Sample surface characteristics (BET/BJH) were determined on a Gemini VII 2390t automatic specific surface area and porosity analyzer (Micromeritics Instrument Corp., Norcross, GA, USA).

pH of solutions was determined by Portable Meters HQ1110 pH ion meter (HACH, Loveland, CO, USA).

Sample preparation was performed on the Milestone Ethos Up/Ethos Easy microwave sample preparation device (Milestone, Sorisole, Italy).

Metal content of solutions was determined by magnetic plasma atomic emission spectroscopy using the Spektrosky instrument (SkyGrad, Korolev, Russia) [37].

4. Conclusions

The process proposed in the work will make it possible to take a step towards solving the problem of processing oil sands, which corresponds to SDG 12.
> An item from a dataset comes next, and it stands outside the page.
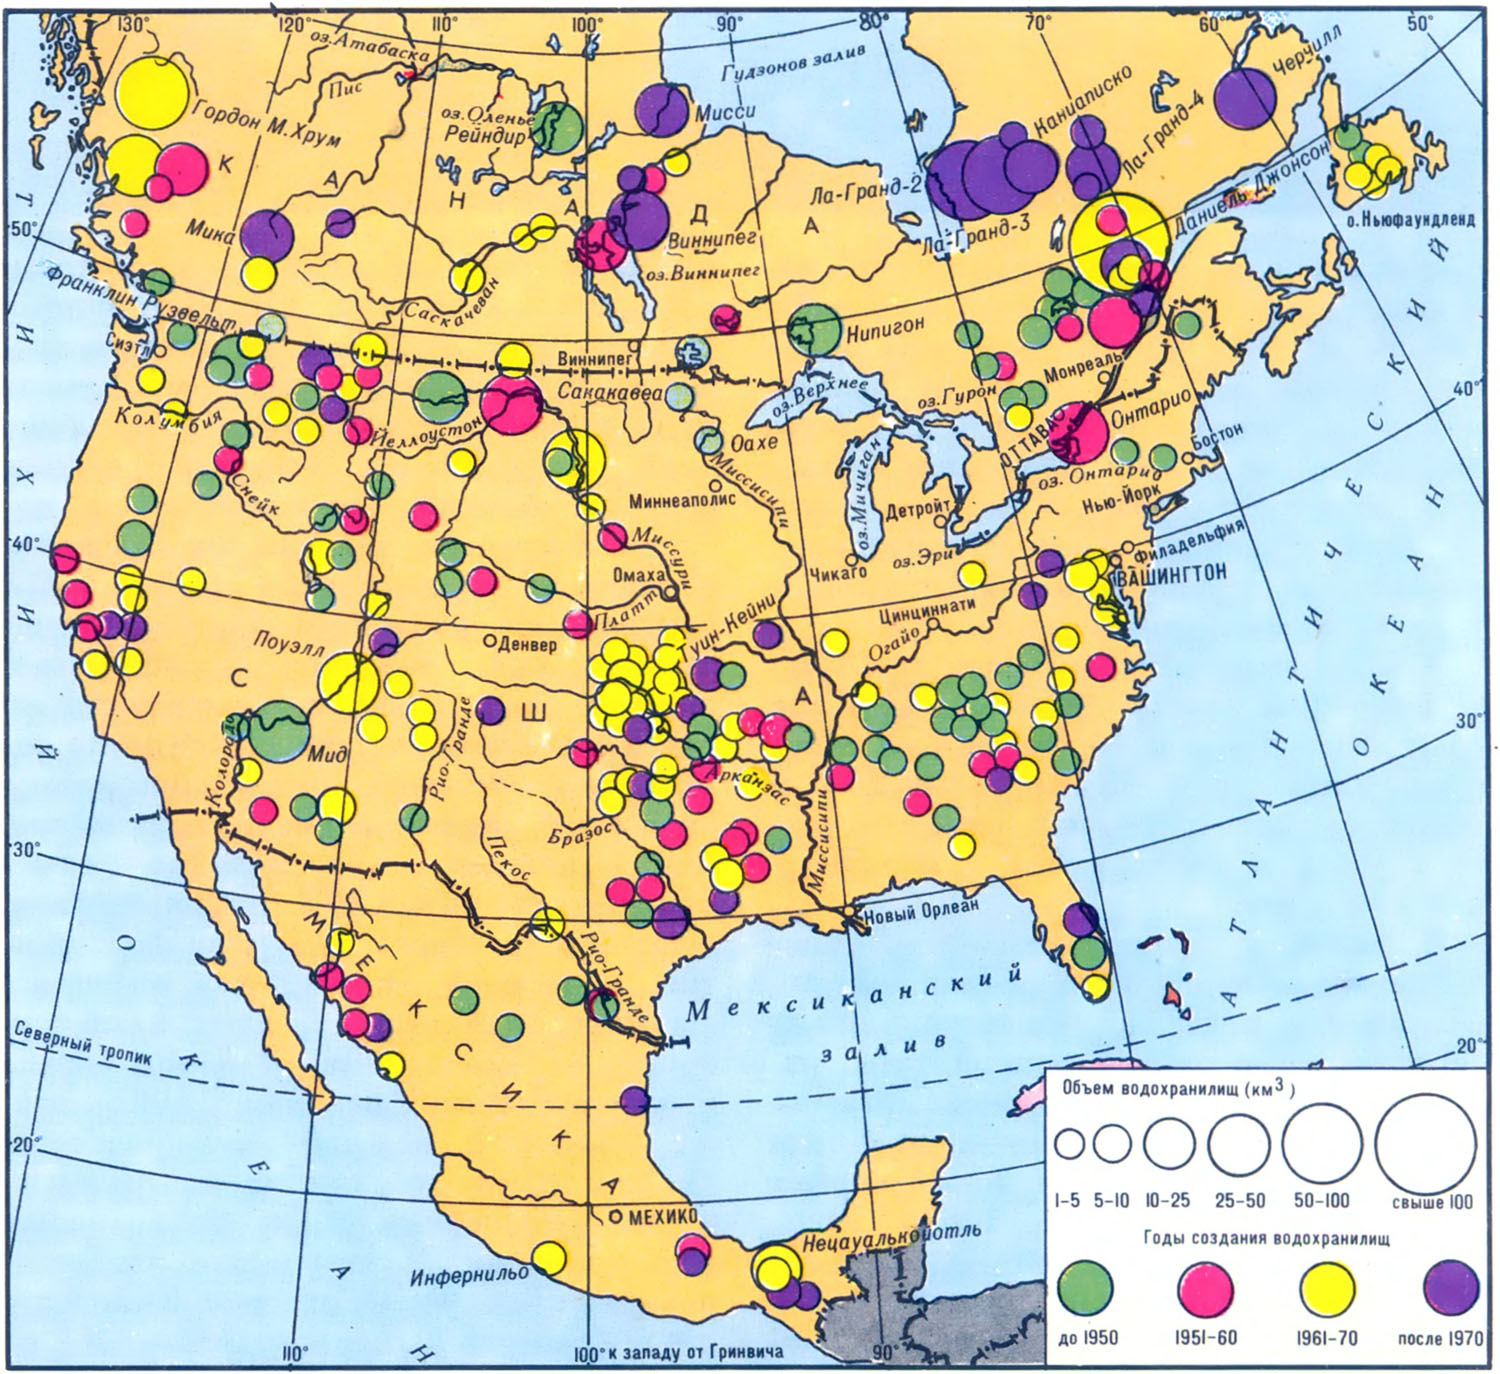 Главные полезные ископаемые сша. Карта промышленности Северной Америки. Основные полезные ископаемые США на карте. Карта полезных ископаемых США И Канады. Полезные ископаемые Северной Америки на карте.

It was found that the optimal pyrometallurgical processing conditions were 4 h and a temperature of 1425–1450 °C, with TiO₂ → Mg_XTi_YO_Z conversion exceeding 95%. It was proved that sulfation of a magnesium titanate mixture with 60–70% sulfuric acid for 150–210 min allows a 95% extraction of titanium compounds into solution.

Investigation of the mechanism of titanium compound precipitation from Mg-Ti-containing sulfuric acid solutions allows conducting high-selectivity separation of Ti/Mg through pH control with the production of high surface area (over 250 m²/g) anatase titanium dioxide suitable for industrial applications as a pigment and catalyst for photodegradation processes.